3D printing is used in almost every industry, including automotive, construction, dentistry, and jewelry. However, the quality of your 3D prints can be influenced by the 3D printing technology you use.

There are many 3D printing technologies that you can use to create 3D printed objects. The most common include stereolithography, selective laser sintering, and fused wire deposition modeling.

This article discusses the types of 3D printing technologies.

1. Stereolithography (SLA)

Stereolithography or SLA is one of the first 3D printing technologies, and it is still used today. The technology uses the process of vat light curing to create 3D objects.

In SLA, an object is made by exposing a photopolymer resin to light, usually UV light. The process involves pointing a laser beam at a reservoir (vessel) of liquid photopolymer, selectively curing and curing it, and building it up one layer at a time.

Parts printed using this technology are generally dimensionally accurate with smooth surface finishes, although they include support structures. SLA is used in the aerospace, automotive, and medical industries, to name a few.

2. Selective Laser Sintering (SLS)

Selective laser sintering (SLS) is a type of 3D printing technology based on the powder bed fusion process. This technology is primarily industrial and is ideal for complex geometries including negative and interior features, undercuts and thin walls.

Sintering is the process of making a solid mass of material by heating it, but not to the point of melting. The heat source is a powerful laser used to sinter powdered thermoplastics to form functional parts. A common material used in SLS is nylon.

Both SLS and SLA are based on the powder bed fusion process and have a similar mode of operation. But unlike SLA, SLS does not need support structures because the part is surrounded by unsintered powder. Additionally, SLA parts are generally tougher than SLA and have rougher surface finishes than the latter.

3. Fused Deposition Modeling (FDM)

FDM, sometimes referred to as Fused Filament Fabrication (FFF), is a popular 3D printing technology that uses the process of material extrusion. This technology is one of the most cost-effective methods for producing custom thermoplastic parts and prototypes.

An FDM printer builds objects by layering extrusions of molten thermoplastics through a moving, heated nozzle onto the build platform, where it cools and solidifies. Although generally functional, finished items tend to have rough surface finishes and require additional processing and finishing.

FDM is one of the most widely used technologies for home office printer models. For example, you can use an FDM printer to print tabletop miniatures at home.

FDM is one of the few 3D printing technologies that uses production-grade thermoplastics to print parts with excellent thermal, chemical, and mechanical characteristics. The thermoplastic filaments used include polyethylene terephthalate (PET), polylactic acid (PLA) and acrylonitrile butadiene styrene (ABS). Common applications for FDM include 3D printing buildings and making 3D desserts.
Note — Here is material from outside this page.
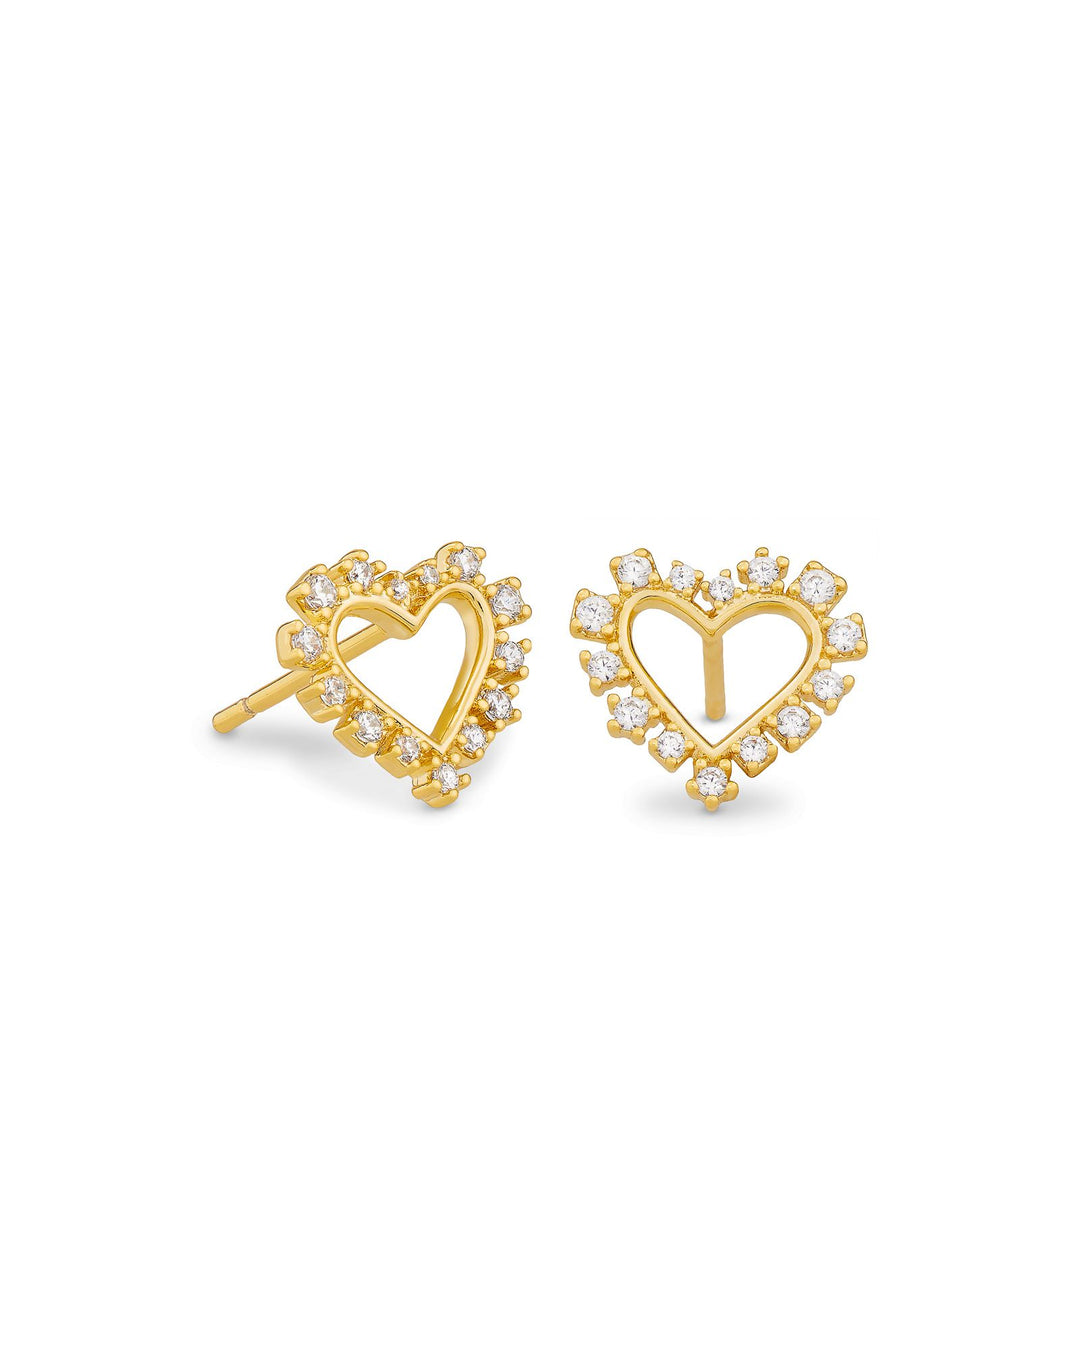 Kendra Scott Ari Heart Crystal Stud Earrings in Gold

Metal Binder Jetting (MBJ) is a 3D printing technology that uses the binder jetting process to fabricate metal objects. Binder jetting forms objects by selectively depositing a binding agent onto a bed of powder material.

In MBJ, a binder is deposited by printheads on a bed of metallic powder, producing objects with complex geometries. The binder “glues” the metal powder together inside and between the layers.

To create an object, layers are dropped on top of each other until the desired object is complete. Once this is complete, you will need to implement post-processing techniques, such as sintering or infiltration, to produce functional metal objects.

You can use this technology with various materials (sand composites, ceramic and acrylic powders), as long as the binder binds them together effectively. Binder Jetting also allows you to add color pigments to the binder to produce full color print parts.

Metal Binder Jetting is a quick process. However, it creates parts with a grainy surface finish that is not always suitable for structural parts. For this reason, the technology is ideal for metal 3D printing and low-cost batch production of functional metal parts.

5. Digital Light Processing (DLP)

Digital Light Processing or DLP is an in-vessel polymerization technique. 3D printing technology works with polymers and is very similar to SLA. Both technologies form parts layer by layer using light to selectively harden the liquid resin in the vat.

Once the parts are printed, you will need to clean them of excess resin and expose them to a light source to improve their strength. Like SLA, DLP can be used to create parts with high level dimensional accuracy.

Both technologies also have similar requirements for support structures and post-processing. Their main difference is the light source; DLP uses more conventional light sources, such as arc lamps.

DLP can also work with a small amount of resin to produce precise parts, saving on materials and running costs. Sometimes, however, 3D prints fail. The good news is that you can still recycle failed 3D prints.

DMLS and SLM are similar to SLS, except these technologies use metal powder instead of plastic to create parts. The process uses a laser to melt particles of metal powder, fusing them together layer by layer. Typical materials used include copper, titanium alloys and aluminum alloys.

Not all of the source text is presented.